Say Forever(66)
How long has it been since we've laughed so hard? Since we've pushed aside all of life's problems and just enjoyed each other's company? When his lips find mine again, I don't push him away, and I don't reach for another snowball. I moan as his frozen lips soften and form against mine, thawing as he deepens the kiss. Our lips meld together, two parts to a whole, and for the first time in a long time, I feel complete, body and soul.
My extremities are numb from the cold, despite the warmth from Andrés seeping into me. I shudder and squirm on top of him.
Andrés pulls away, his eyes darkening, and I can't tell if his hungry gaze is fueled by lust or something more.
He stands and pulls me up, then wraps strong arms around my waist. "I want to take you back to our room, mija, and make love to you all day long."
Some part of me, whether it be instinct or guilt, tells me I should resist. But I'm tired of pushing him away. I'm tired of suffering all alone. I need Andrés. I need his love to chase away my sorrow, if just for one day. I answer his request by wrapping my arms around him and ever so softly kissing that hollow point on his neck.
***
We take off each other's clothes, slowly, gently, savoring each touch and caress as if it will be our last. When Andrés finally pins my nude body beneath his, he lavishes kisses across my collarbone and breasts before trailing kisses of fire all the way down to the juncture between my thighs. He kisses me tenderly there, as if my body is an altar and he is paying homage. He licks my folds with long, languid strokes before delicately suckling my swollen clit with agonizing tenderness. I arch my hips against his mouth, running my fingers through his thick hair and grasping it by the roots. It has been too long, and my willpower is weak. I know I will not last long before I fall apart. As if Andrés senses my needs, he pulls back, releasing my bud before lapping up my wetness once more. He trails kisses back up my abdomen, stopping to worship each breast, then my neck and an ear. Finally, he presses his mouth against mine, coaxing my lips open. I taste my essence on his tongue as it darts inside my mouth, spearing me in conjunction with his thick erection, as he drives it inside me.

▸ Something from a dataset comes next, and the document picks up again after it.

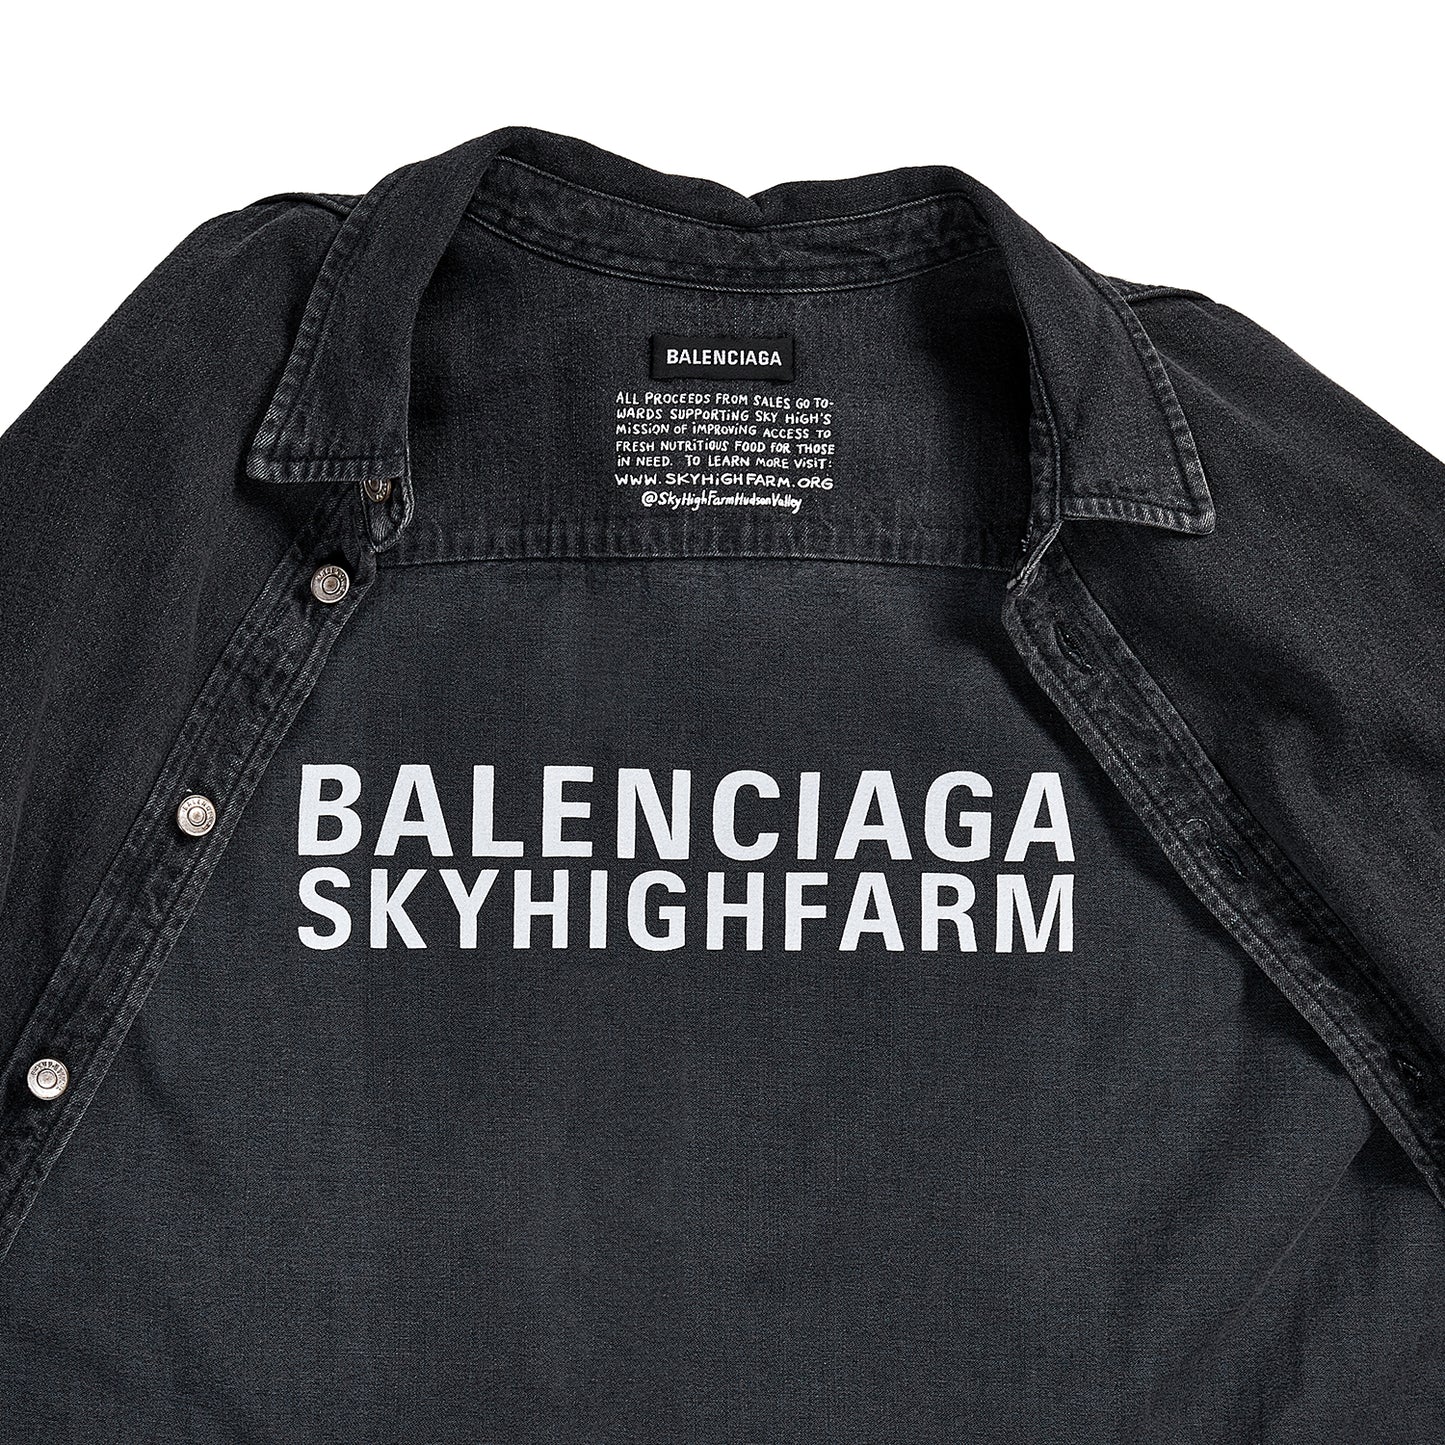 BALENCIAGA X SKY HIGH FARM DENIM SHIRT - ROOSTER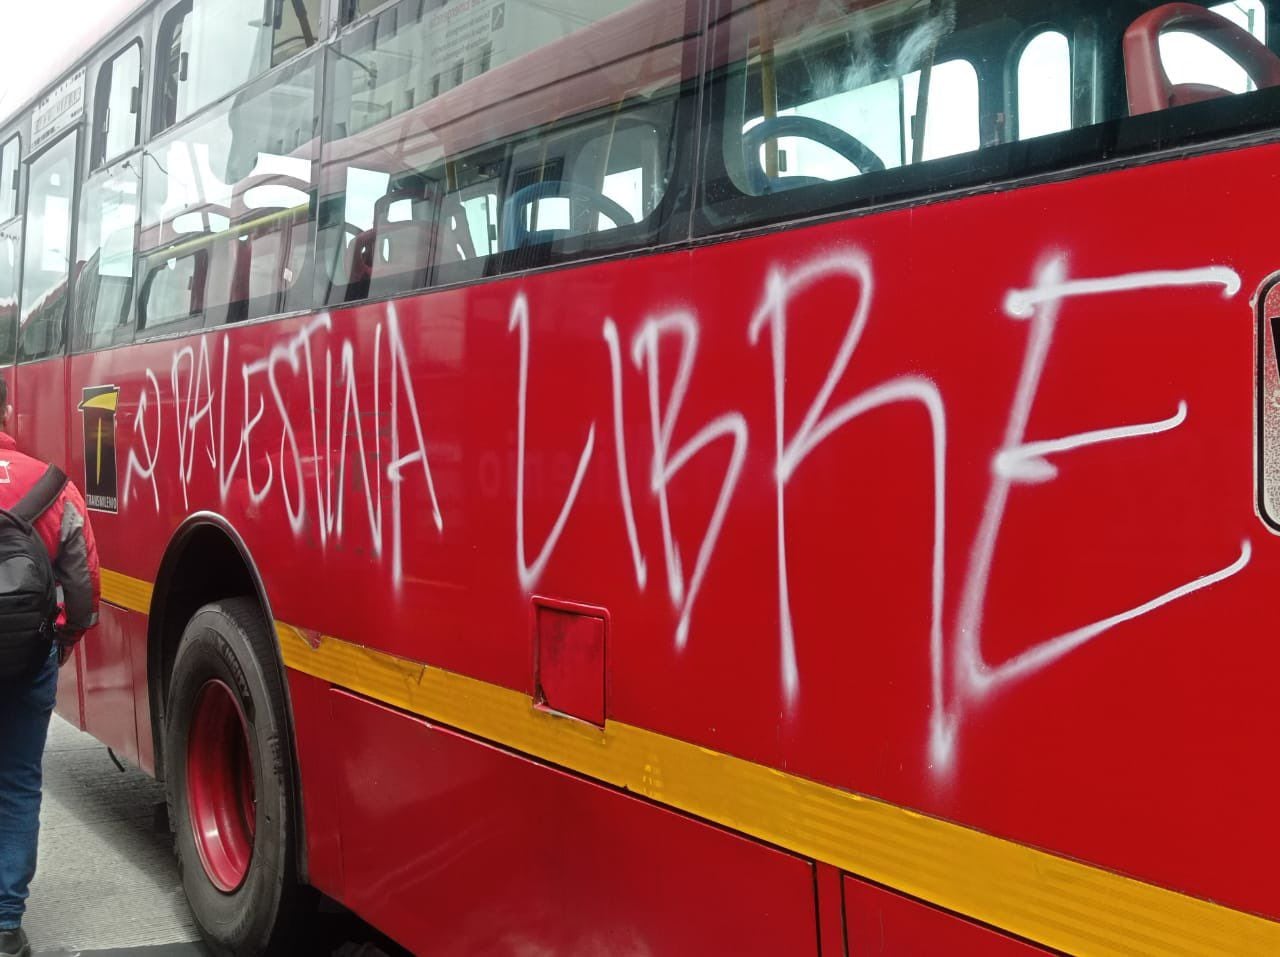 Manifestantes pintaron algunas fachas y buses de Transmilenio en Bogotá en medio de la marcha del Primero de mayo - crédito @DonAlguienO/X

Instinctively, I lift my legs, wrapping them around his waist as he slides deeper. He groans into my mouth as he buries himself to the hilt. My throbbing core is just a breath away from exploding in a cataclysmic orgasm. My need for release is strong, and yet, my need for Andrés is stronger. I hold tightly to him, relishing the feel of our joined bodies, wishing this moment where we are both hovering on the precipice of bliss could be suspended for an eternity. Andrés deep inside me, holding me close, is my nirvana, my spiritual and physical perfection.
And then he begins to move again. Slowly and torturously, he slides in and out of me, my slick channel molding around him like a wet, tight glove. I let go of that last thread of control, arch my neck and cry out toward the ceiling when the rhythm of his thrusts increases. He latches onto my neck with his lips, holding me still with a gentle tug of his teeth as he drives in harder. And then I unravel, surrendering to euphoric ecstasy as it washes over me.
He grunts through a groan and I can feel his throbbing head bathing me in fluid as he presses into me and then stills. We lie like that for several heaving breaths, our bodies locked together tightly. I feel my body sinking into the soft mattress as my insides continue to pulsate against him.
Andrés finally rolls over, pulling me with him, refusing to let me go or pull out of me. He holds me close, lavishing my forehead and cheekbones with kisses while we lie on our sides. He speaks words of love softly to me in Spanish, and I heave a sigh of contentment while snuggling against him, burying my nose against that light patch of hair on his chest.
I'd forgotten how wonderful making love to Andrés was. I've missed this. I've missed us. And as I wrap my arms tighter around his neck, I realize how badly I want our love back.
Chapter Twenty
Christina
"Where are we going?" I ask as Andrés navigates our rental SUV up the narrow, windy incline. I force myself to stop looking out the window. The drop off the narrow rails is so steep, it's making my chest tighten with anxiety. I've never liked heights much. I'm hoping Andrés doesn't see how much my nerves are frayed as I clutch the door handle, though I'm not sure how holding onto a door will help me if we were to skid off the road and go careening off the cliff.
"The guy at the front desk said there's a lodge at the top of the hill," Andrés says as he, thankfully, keeps his eyes on the road ahead.
I'm wishing I would have gone along with Andrés and stayed in bed all day, but since it was still afternoon, I had this crazy idea I wanted to go outside and play some more in the snow.